The catalogs if they
>are indexing the same underlying files/documents and
folders should return
>the same results if indexing is completed.
>
>>
>> I have already conducted tests with Filtdump on the
files
>> in question and the search term was amongst those
emitted
>> on all of the documents.
>>
>
>Well, bang goes the theory that the quality of scan was
the problem.
>
>> I agree, given the results, that indexing has probably
>> not been completed successfully. I have reviewed the
>> registry settings (found on this site) to try to
>> alleviate this, without success. I have been unable to
>> find any log or error message that would confirm a
>> problem during the indexing process.
>
>One thing I have noticed is that sometimes applications
will hold on to
>files. For instance if I save a Word doc and exit Word,
sometimes Word
>remains in the task list and if I go to do something to
that document, I get
>a file in use error message. Check task manager to
ensure that there are no
>applications hanging on to that file. AntiVirus software
and Open File
>agents for backup software are notrious for doing this.
Make sure also that
>IE, and any imaging programs are closed down.
>
>>
>> Those documents that were marked for re-indexing were
>> never actually re-indexed and sat permanently in that
>> queue. Only one or two of these files were candidate
>> documents in the search discrepancies.
>
>I confess that I am bewildered by your problems. I would
try the following
>
>1) reboot and see if this helps
>2) try to repro the problem on another machine
>3) call PSS.
>
>Good luck.
>
>>
>> Regards,
>>
>> John.
>>
>> >-----Original Message-----
>> >When you are running into problems like this you
really
>> should open a
>> >support incident with Microsoft.

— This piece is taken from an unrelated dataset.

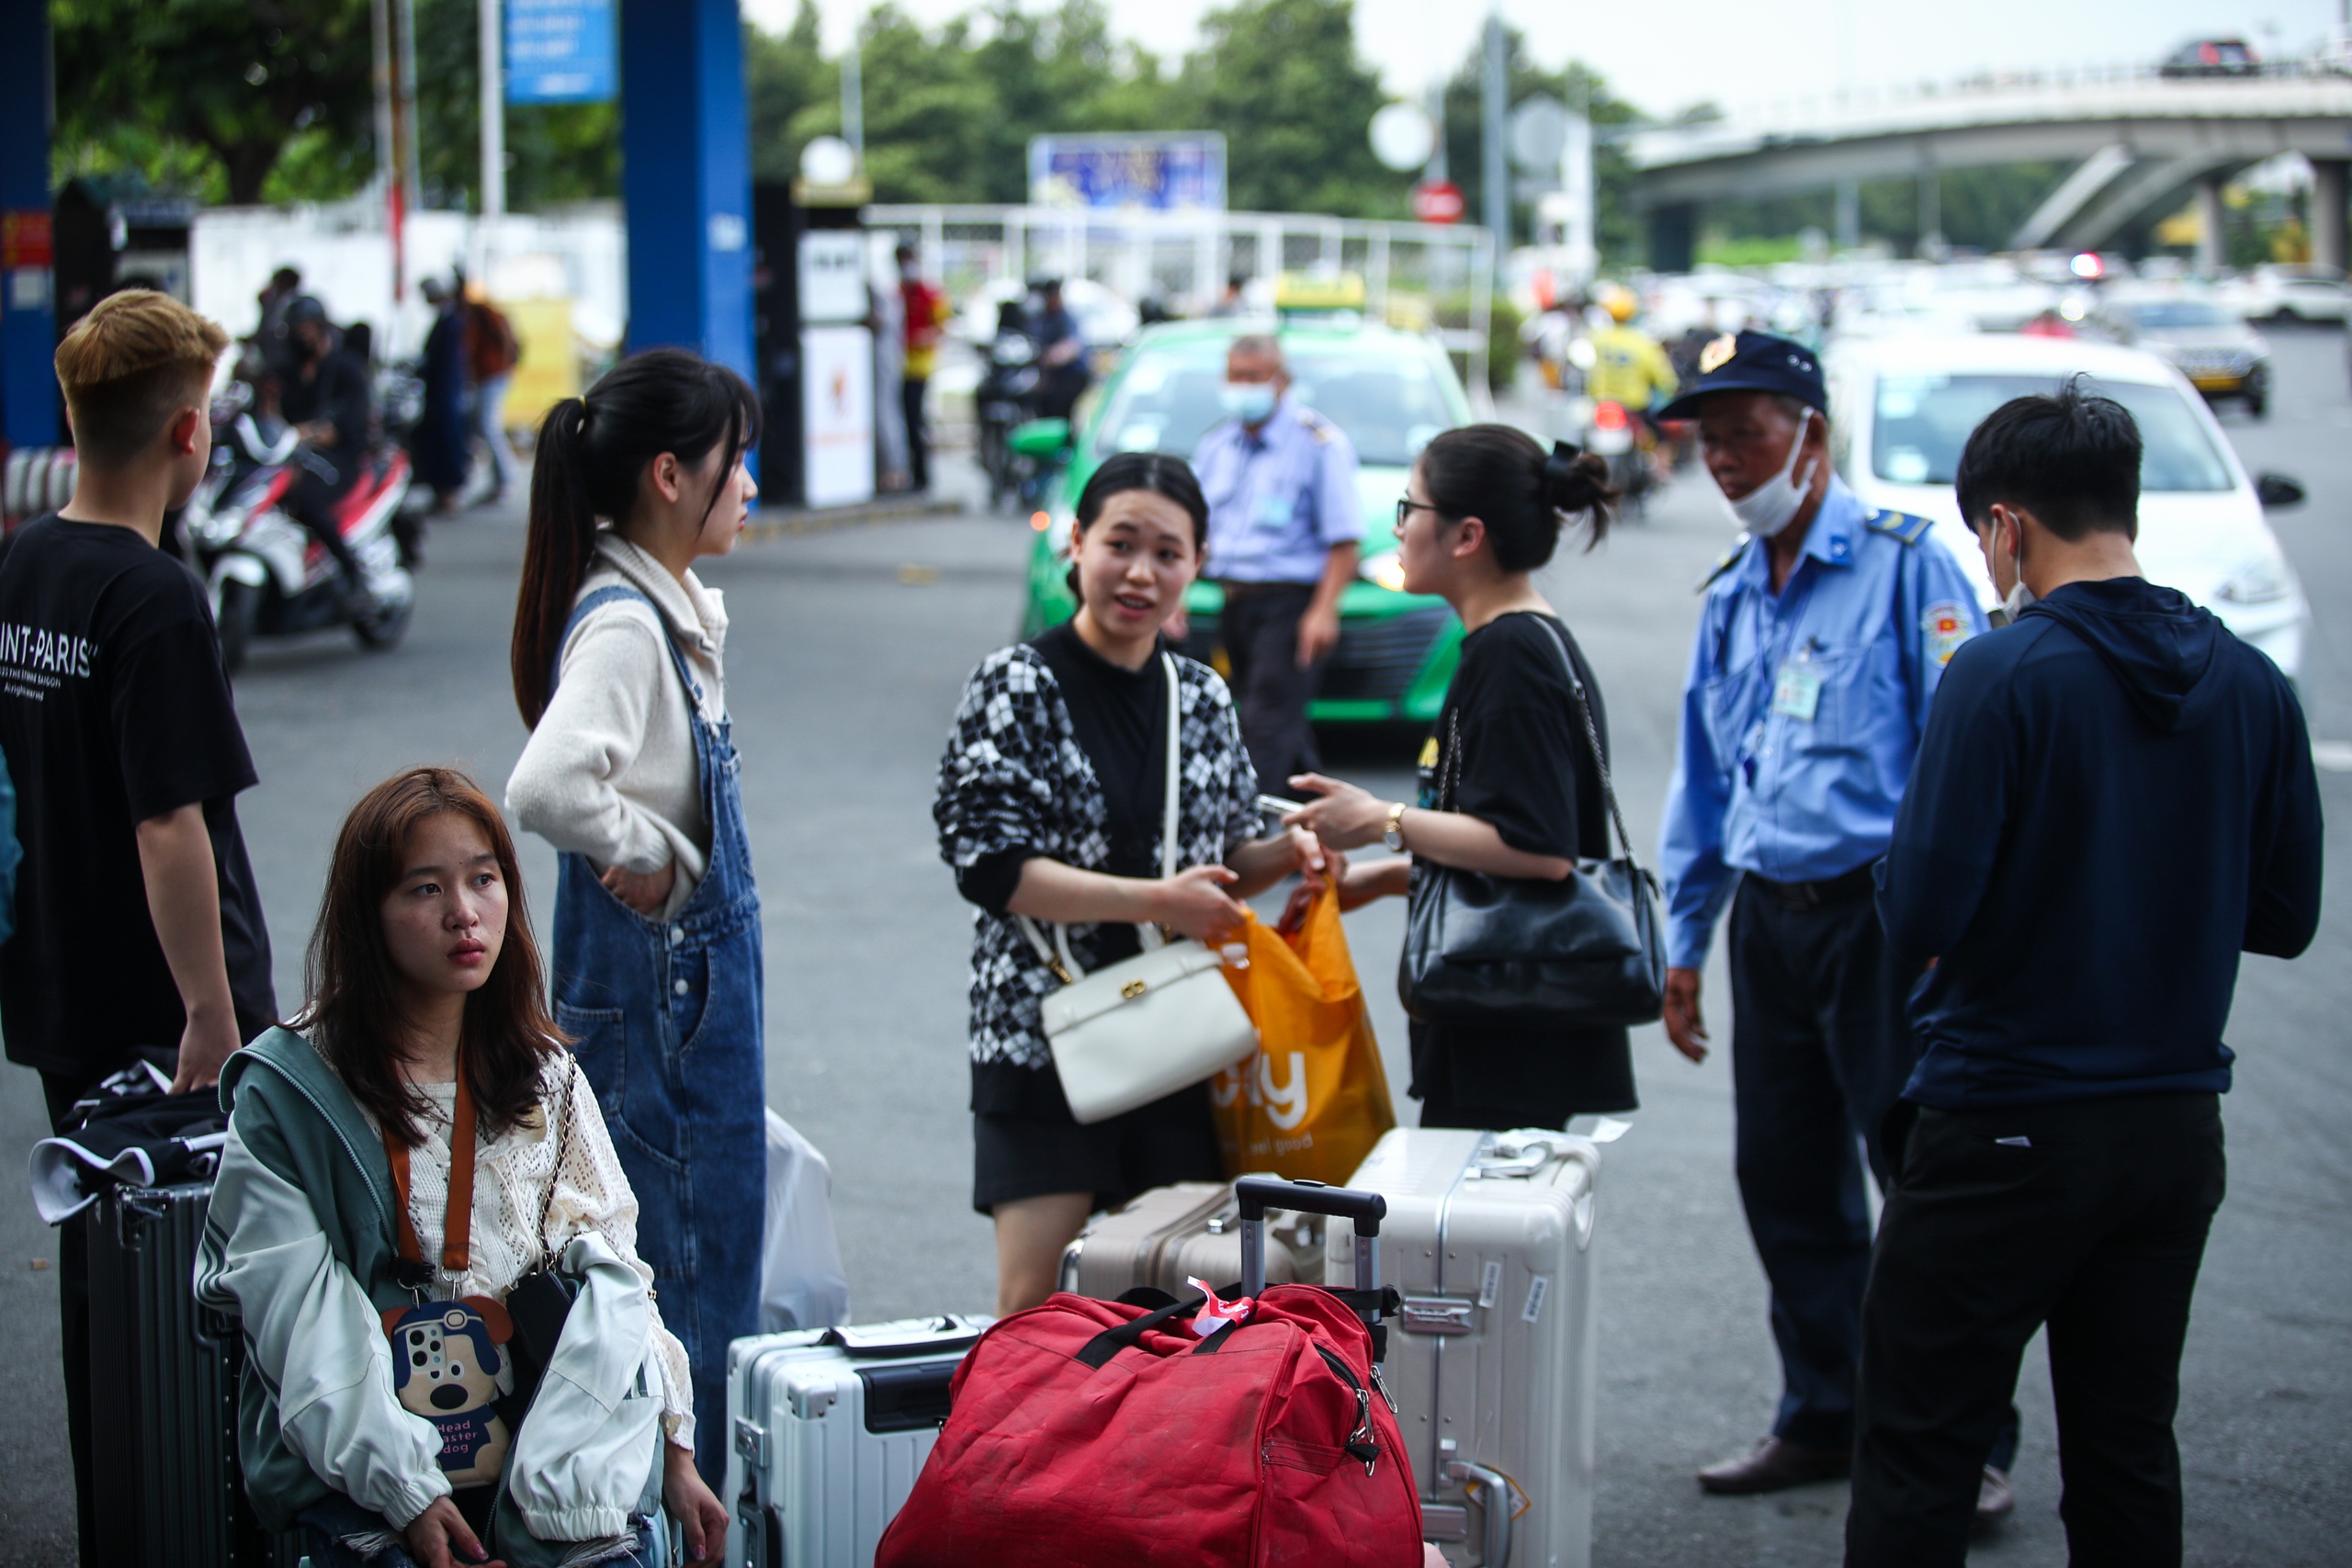 26 tháng chạp: Cửa ngõ sân bay Tân Sơn Nhất đông nghẹt xe cộ, có lúc kẹt cứng- Ảnh 7.

The $245US per call
>> will probably pay off
>> >in the long run, especially when you consider the cost
>> of some of the
>> >alternative, ie the Google Search applicance which
last
>> time I checked was
>> >$35k.
>> >
>> >The problem with Tiff's is that the OCR does take some
>> time, OCR is not a
>> >perfect science, and depending on the quality of your
>> Tiff, the emitted text
>> >might not match the actual content.
>> >
>> >To test this you really should download filtdump from
>> the platform SDK and
>> >run some tests.
>> >
>> >If you are using a new catalog, you should see the
same
>> results, but ranking
>> >might be different as ranking is skewed by the number
of
>> documents you are
>> >indexing and the density of words in your content, the
>> distribution of
>> >words, and the density of hits.
>> >
>> >The fact that you didn't means that indexing was
>> possibly not complete, and
>> >you may have had another process which "touched" these
>> tiff's and marked
>> >them for re-indexing.
>> >--
>> >Hilary Cotter
>> >Looking for a book on SQL Server replication?
>> >http://www.nwsu.com/0974973602.html
>> >
>> >
>> >"John Lavender" <john.lavender@virgin.net> wrote in
>> message
>> >news:4b2c01c48073$99520460$a301280a@phx.gbl...
>> >> I've submitted the query below twice now without any
>> >> response from Microsoft staff on this newsgroup.
>> >>
>> >> I can only conclude their silence means that the
>> >> combination of the Microsoft Office Professional TIF
>> >> filter and Index Server are not suitable for
production
>> >> use. We are now working on an alternative solution.
>> >>
>> >> It would have saved a great deal of effort if this
>> could
>> >> have been pointed out earlier by specialists
monitoring
>> >> this site.
>> >>
>> >> ----------------------------------------------------

---
>> ---
>> >>
>> >> Hi,
>> >>
>> >> I've posted a general query on this recently. 
Hopefully
>> >> with more detail someone can help.
>> >>
>> >> We use Index Server to index 60,000 TIF files in a
>> single
>> >> catalog. We have installed Office XP Imaging to 
index
>> the
>> >> TIF file content. The catalogue build is slow, but
>> >> the 'total docs' eventually reflects that expected 
and
>> >> the 'Docs to Index' reduces to zero.
>> >>
>> >> Searches will return documents, but further testing
>> with
>> >> the Query Catalog interface has shown that the 
number
>> of
>> >> documents returned is inconsistent or incomplete.
>> >>
>> >> Indexing a subset of the main catalog in a seperate
>> >> catalog proved this. Different totals are returned 
from
>> >> the the main and subset catalogs for the same search
>> when
>> >> the same documents should have been returned. The 
same
>> >> search will return different totals if tried over 
two
>> >> sessions, regardless of which catalog is used.
>> >>
>> >> Additionally, some filtered documents are seemingly
>> >> returned to the unfiltered list for no apparent 
reason.
>> >> These document files are never updated.
>> >>
>> >> I'd be extremely grateful for any help from the
>> Microsoft
>> >> reps or any other members.
>> >>
>> >> Regards,
>> >>
>> >> John Lavender.
>> >>
>> >>
>> >>
>> >
>> >
>> >.
>> >
>
>
>.
>


Relevant Pages

  • Re: Performance problems -- need guidance on scaling
    ... Thanks for the update on the FT Catalog corruption, ... will use, up to a max of 512Mb, if this memory is available. ... a server with 512 MB of RAM and a resource_usage value of 5 ... the data, you could, detach your SQL 2000 mdf & ldf files ...
    (microsoft.public.sqlserver.fulltext)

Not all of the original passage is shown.